3.2 Comparison between two interactions

The experimental results provide a direct comparison between the two mechanisms from the aspect of nonreciprocal absorption. In Fig. 3, we further characterized the effect of the control and pump fields by varying the power of the two fields. For a $\sigma ^{+}$ probe, the absorption is mainly determined by the populations of atoms in the $|F_{g}=2,m_f=2\rangle$ state. Therefore, when the pump field is fixed, the increase of control field would repump the leakage of the atom population in the $F_{g}=1$ states to the target state, and thus, the absorption decreases with increasing $P_{\mathrm {c}}$, as shown in Fig. 3(a). In contrast, in Fig. 3(c), when $P_{\mathrm {c}}$ is fixed, increasing the pump field $P_{\mathrm {p}}$ induces more atom population transfer to $F_{g}=1$ states, and thus the absorption increases with $P_{\mathrm {p}}$. We can also observe a slight increase in transmission when the probe detunes near zero, indicating the effect of EIT for the $\sigma ^{+}$ probe. This is because the atoms fly around in the cell, and their populations are redistributed to thermal equilibrium when they collide on the vapor cell boundaries.

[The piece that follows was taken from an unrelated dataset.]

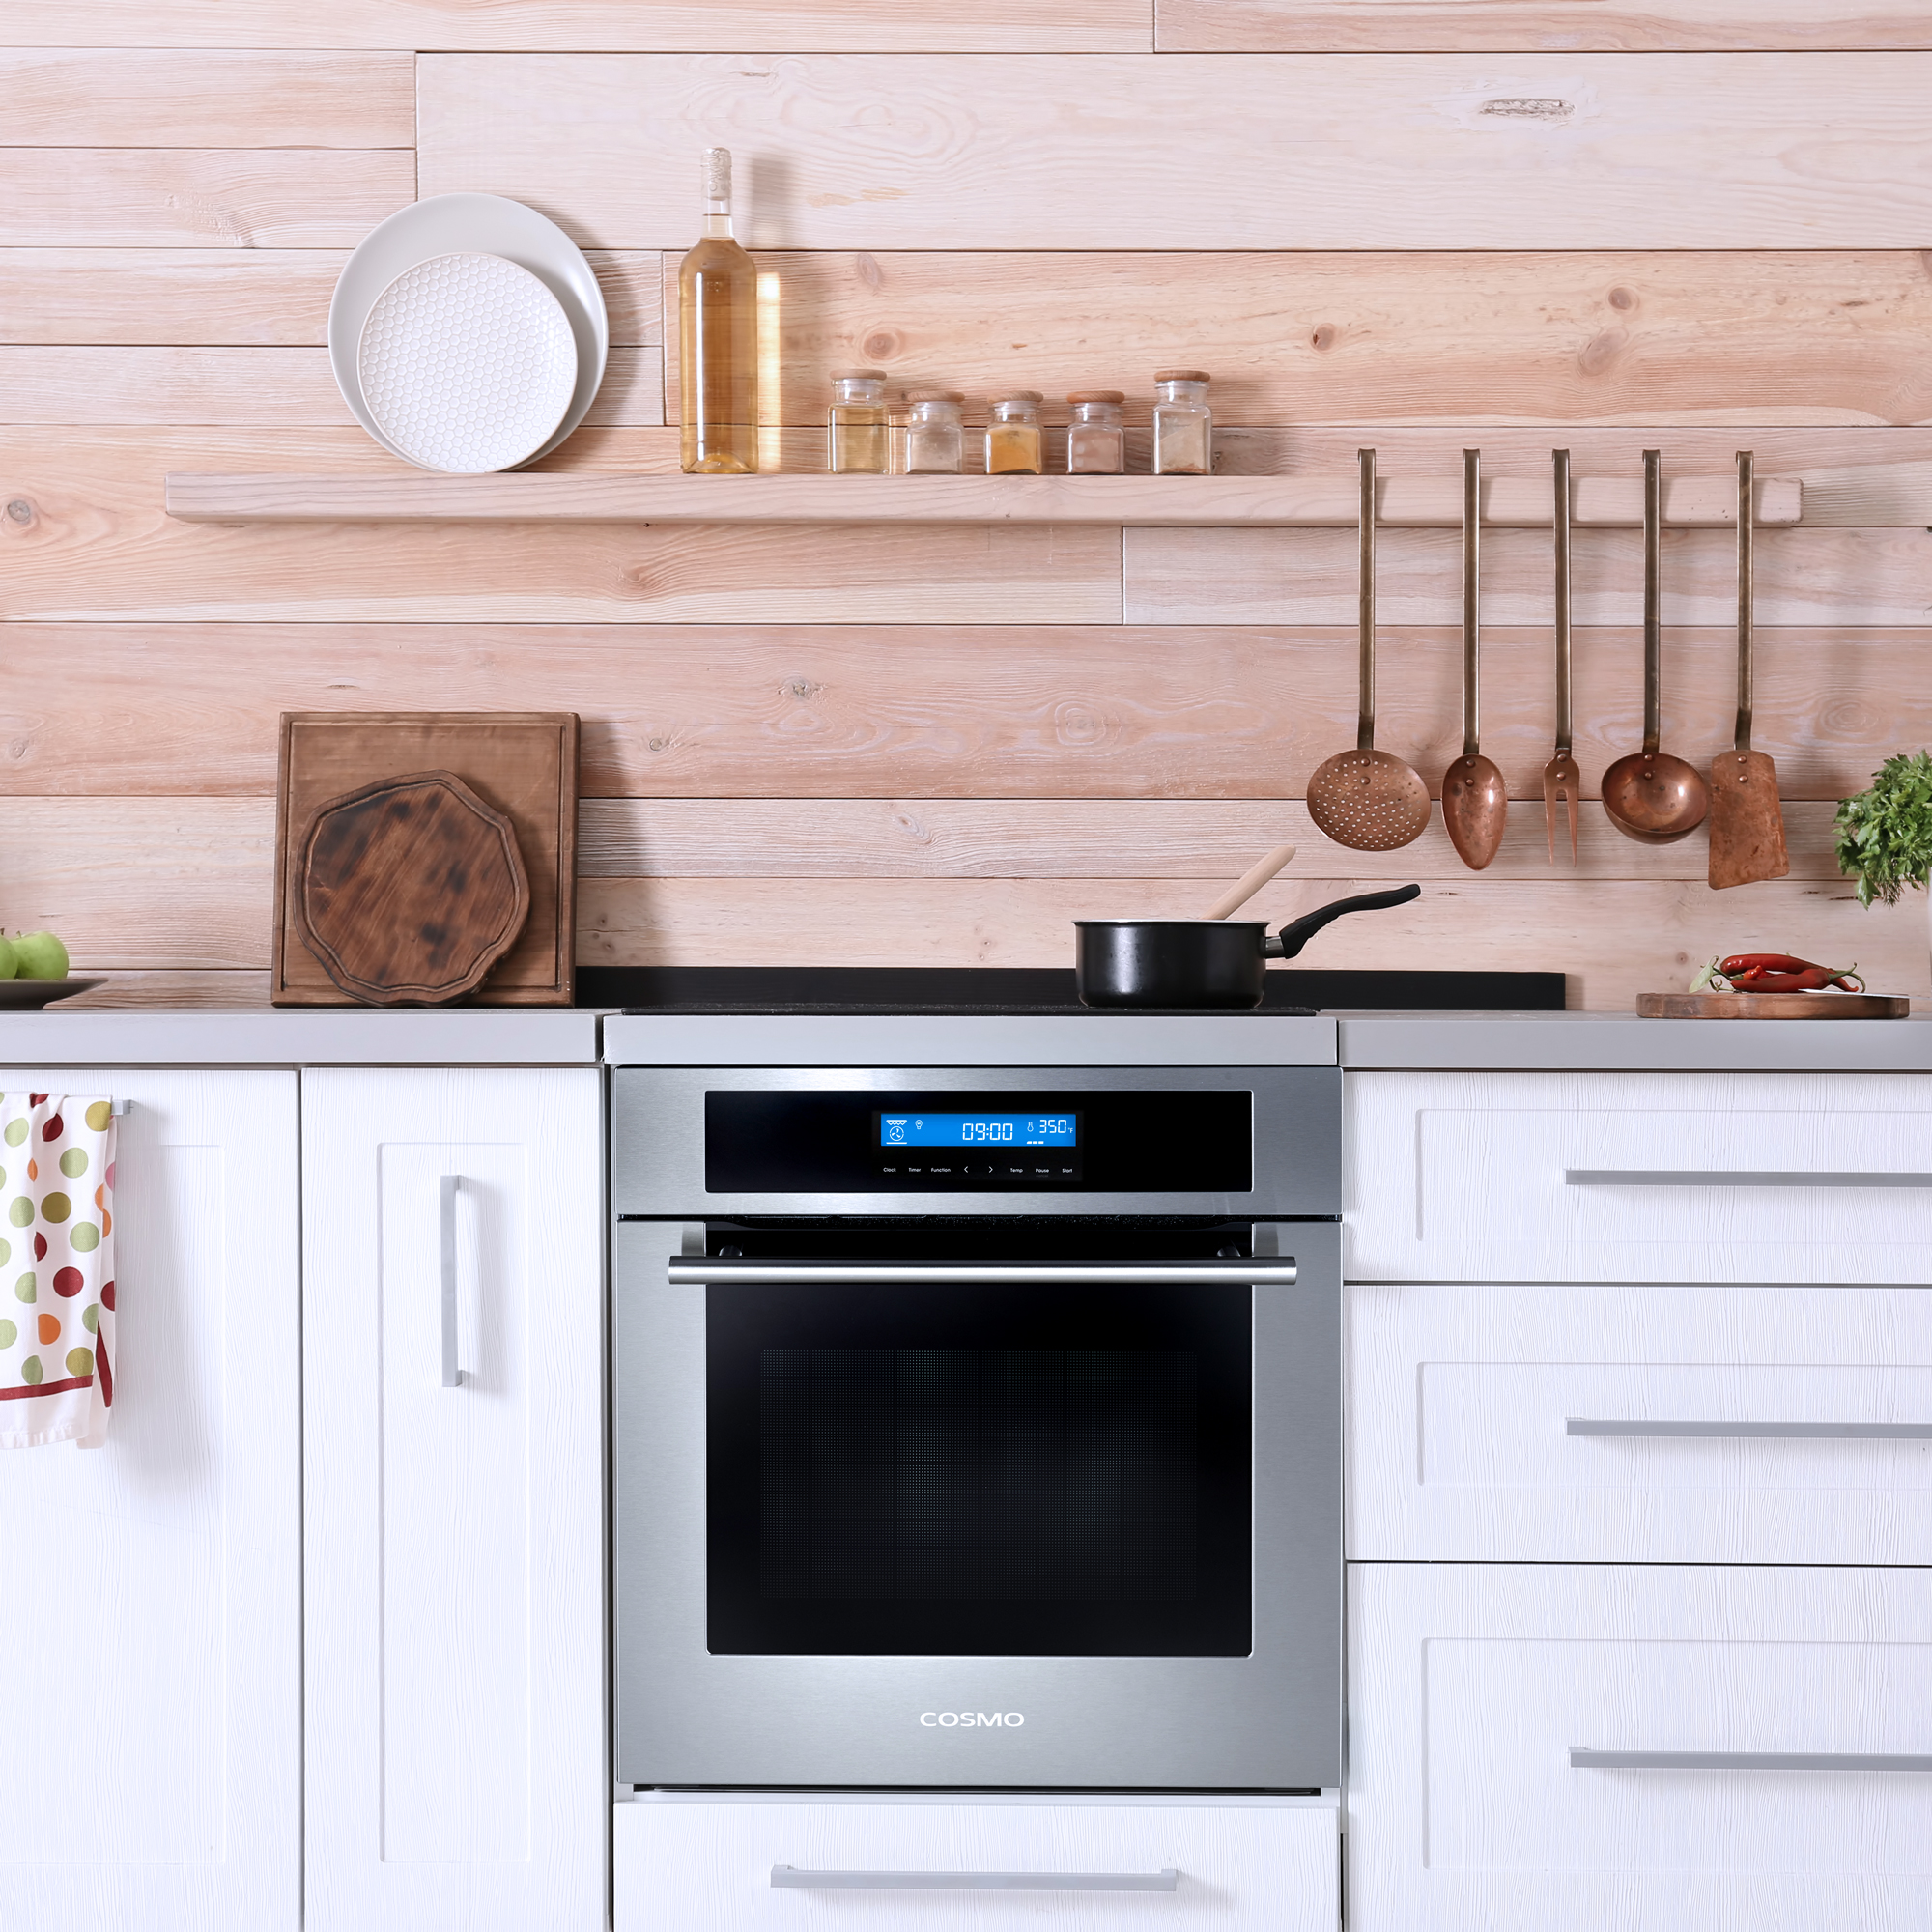 Everything You Should Know About Replacing Appliances

Thus, the atoms cannot be perfectly prepared to the target states. Instead, weak populations on $|F_{g}=2,m_f=-1,0,1\rangle$ could coherently couple with $|F_{g}=1,m_f=-1,0,1\rangle$ through the $\Lambda$-type EIT interaction path [Fig. 1(b)], and the corresponding absorption due to these energy levels is weakened when increasing $P_{\mathrm {c}}$.

 figure: Fig. 3.

Fig. 3. Experimental spectra measured with different control beam and pump beam powers. (a), (b) Experimental spectra measured with probe beams of ${\sigma }^{-}$ polarized and ${\sigma }^{+}$ polarized. The pump beam power is fixed at $10\,\mathrm {mW}$, while the control beams have powers ranging from $0\,\mathrm {mW}$ to $10\,\mathrm {mW}$. (c), (d) Experimental spectra measured with probe beams of ${\sigma }^{-}$ polarized and ${\sigma }^{+}$ polarized. The control beam power is fixed at $10\,\mathrm {mW}$, while the pump beams have powers ranging from $0\,\mathrm {mW}$ to $10\,\mathrm {mW}$.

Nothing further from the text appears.